Before training the model, let’s test our predictions on the two students whose admission results we want to know.

values_test=[[0.8,0.7,0.7],[0.4,0.5,0.9]]
for value in values_test:
  x0,x1,x2=value
  pred = model(x0, x1, x2)
  print("L'élève avec Examen = "+str(x0)+ ", Moyenne = "+str(x1)+" et Motivation = "+str(x2)+ " a "+str(round(pred*100)) + "% de chance d'être admis")
L'élève avec Examen = 0.8, Moyenne = 0.7 et Motivation = 0.7 a 60% de chance d'être admis
L'élève avec Examen = 0.4, Moyenne = 0.5 et Motivation = 0.9 a 59% de chance d'être admis

We can see that the model is very uncertain and gives random probabilities, which is logical since its weights are initialized randomly.

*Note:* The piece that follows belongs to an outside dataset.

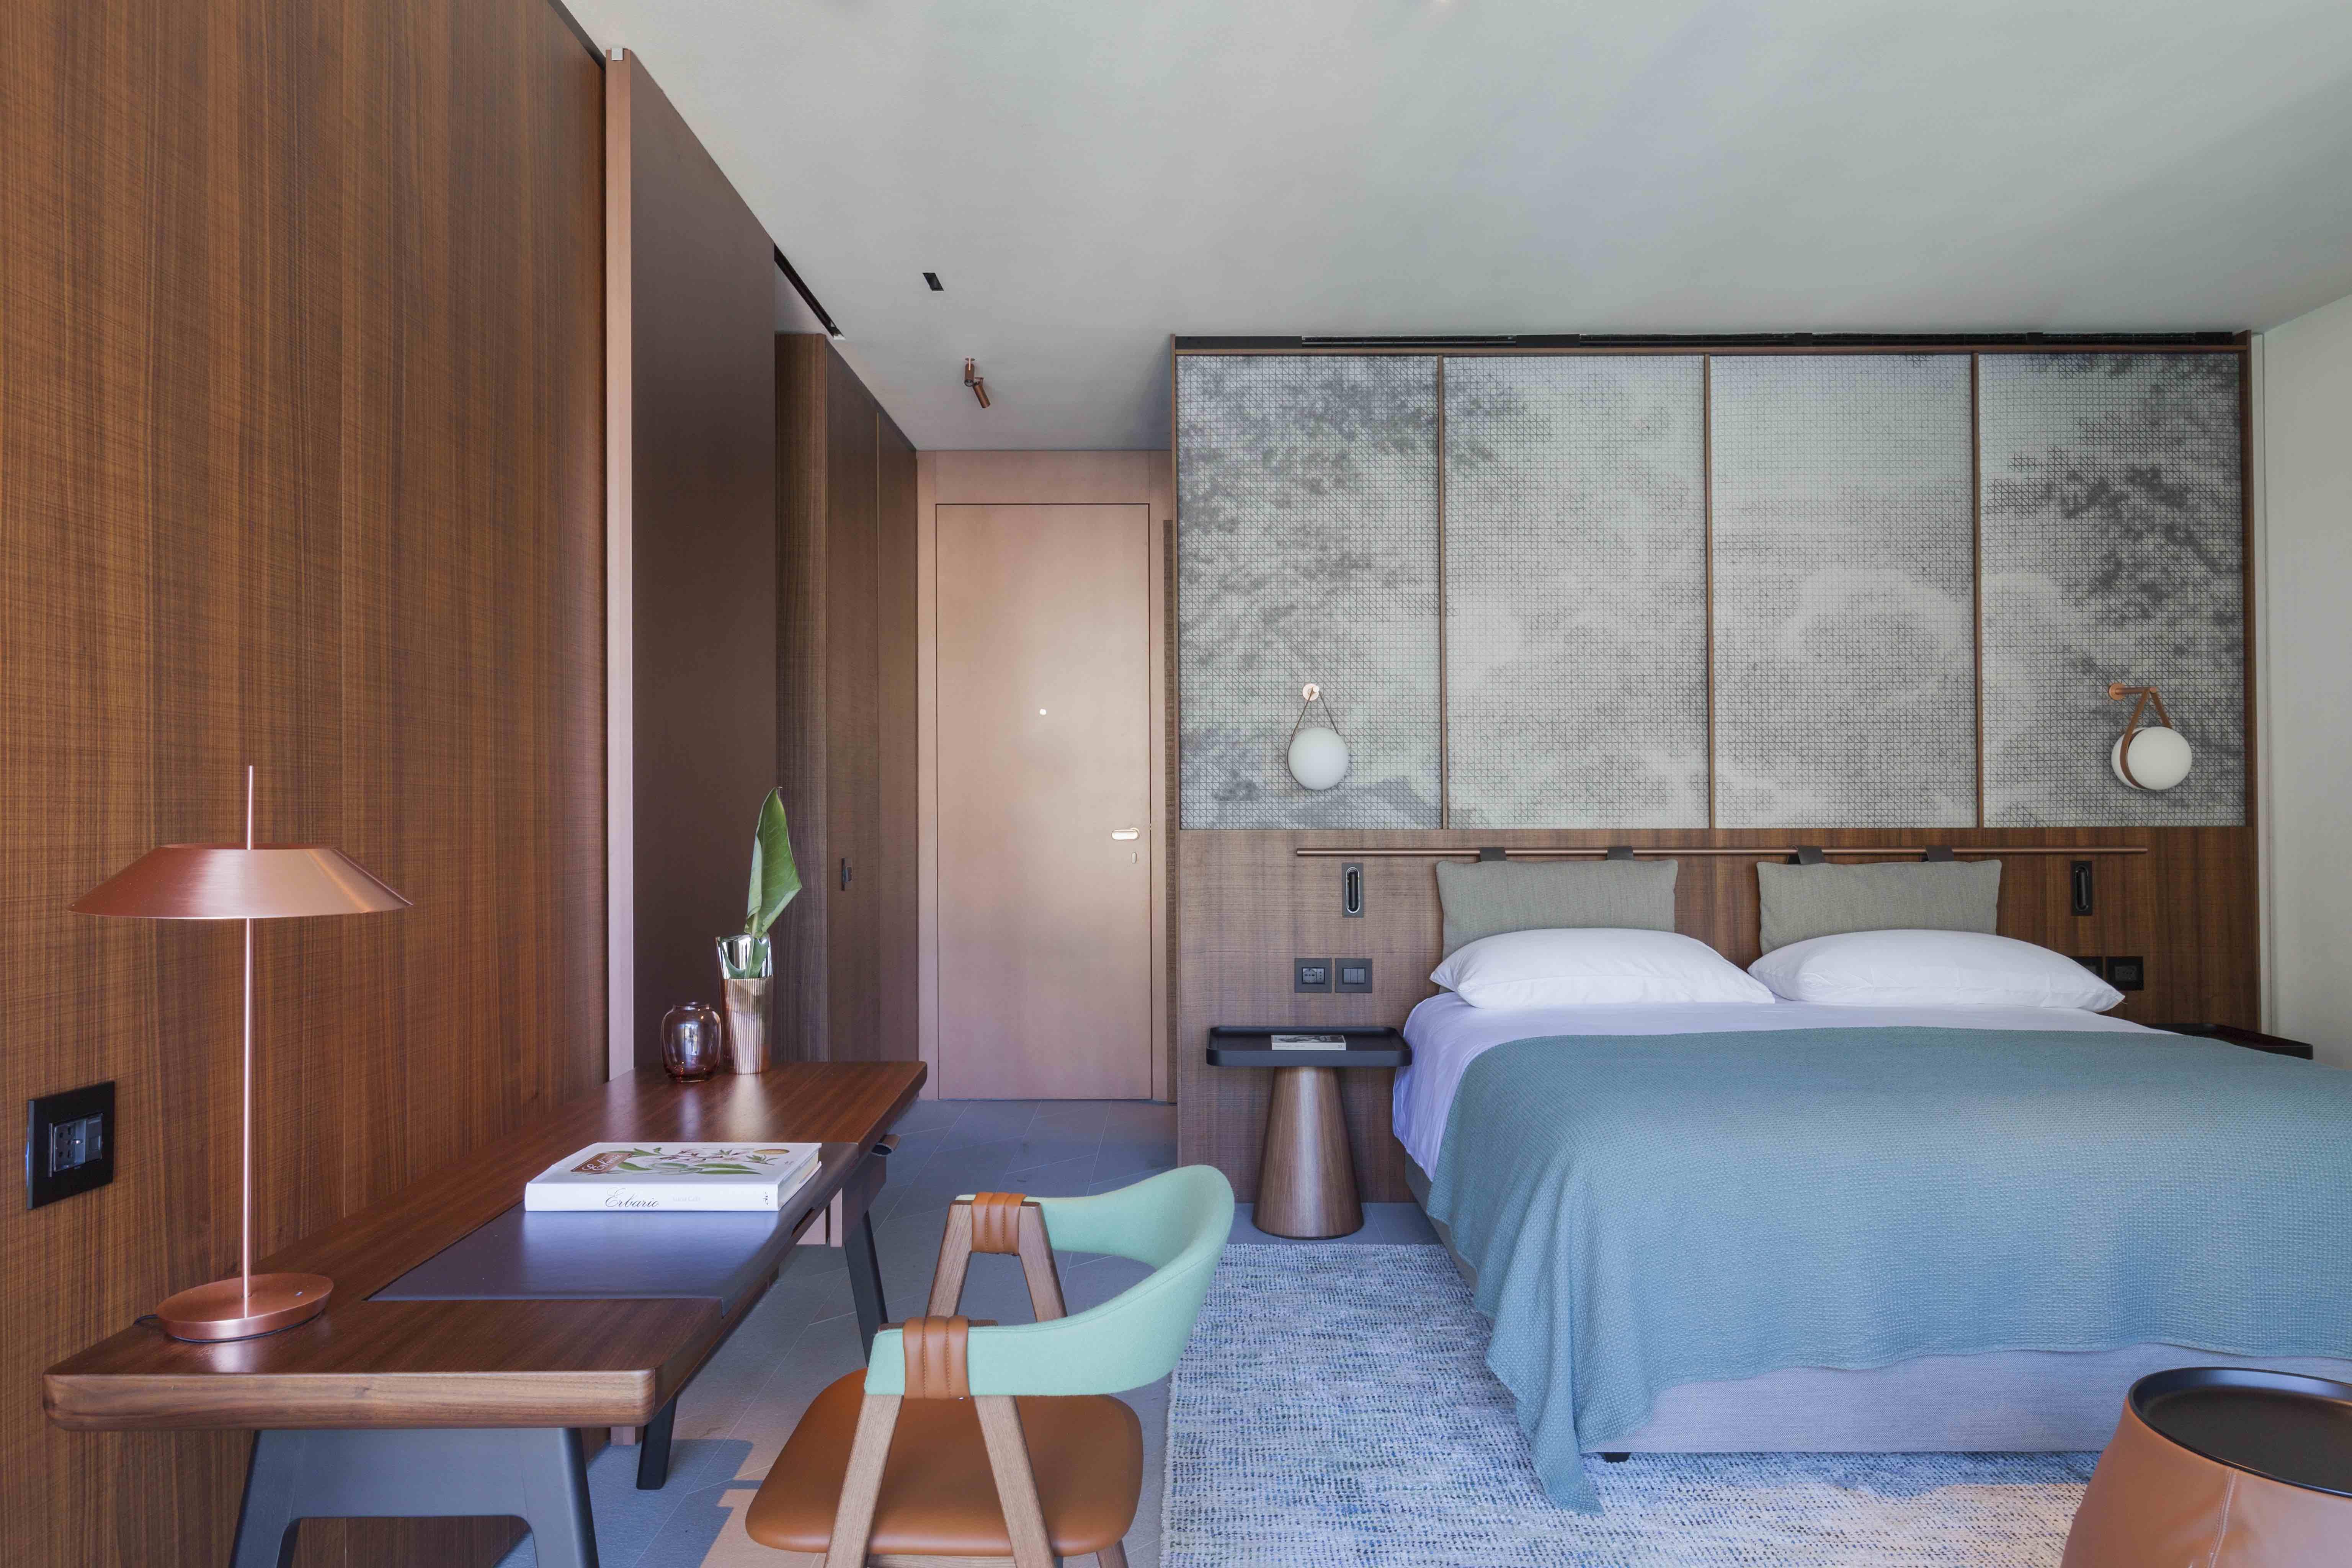 https://d11s8ysge2pxse.cloudfront.net/app/uploads/2017/09/Kamer-van-Hotel-Il-Sereno-Lago-di-Como-ontworpen-door-Patricia-Urquiola.jpg

Now, let’s train the model on our training data.

# Entraînement
for epoch in range(epochs):
  # Mise à jour des poids pour chaque exemple
  total_loss = 0
  for (x0, x1, x2), y_true in zip(values_train, labels_train):
    pred = model(x0, x1, x2)
    update_weights(model,pred, x0, x1, x2, y_true, learning_rate)
    total_loss += loss(y_true, pred)

  avg_loss = total_loss / len(labels_train)
  
  # Affichage de la perte pour suivre la progression de l'entraînement
  if ((epoch + 1) % 5000 == 0) or (epoch==0):
    print(f"Epoch {epoch + 1}/{epochs}, Loss: {avg_loss}")
Epoch 1/40000, Loss: 0.01468091027998586
Epoch 5000/40000, Loss: 0.013032955086147595
Epoch 10000/40000, Loss: 0.011715352279809266
Epoch 15000/40000, Loss: 0.010638348324912276
Epoch 20000/40000, Loss: 0.009741762611763436
Epoch 25000/40000, Loss: 0.008983896958517028
Epoch 30000/40000, Loss: 0.008334957514714105
Epoch 35000/40000, Loss: 0.007773096000082178
Epoch 40000/40000, Loss: 0.007281930357182074
print(model.w0, model.w1, model.w2, model.b)

for value in values_test:
  x0,x1,x2=value
  pred = model(x0, x1, x2)
  print("L'élève avec Examen = "+str(x0)+ ", Moyenne = "+str(x1)+" et Motivation = "+str(x2)+ " a "+str(round(pred*100)) + "% de chance d'être admis")
19.464301071981186 -3.27230109363944 -8.244865180820856 -4.903197398150705
L'élève avec Examen = 0.8, Moyenne = 0.7 et Motivation = 0.7 a 93% de chance d'être admis
L'élève avec Examen = 0.4, Moyenne = 0.5 et Motivation = 0.9 a 0% de chance d'être admis

As we can see, our model is now much more confident in its predictions and gives us predictions consistent with the training data.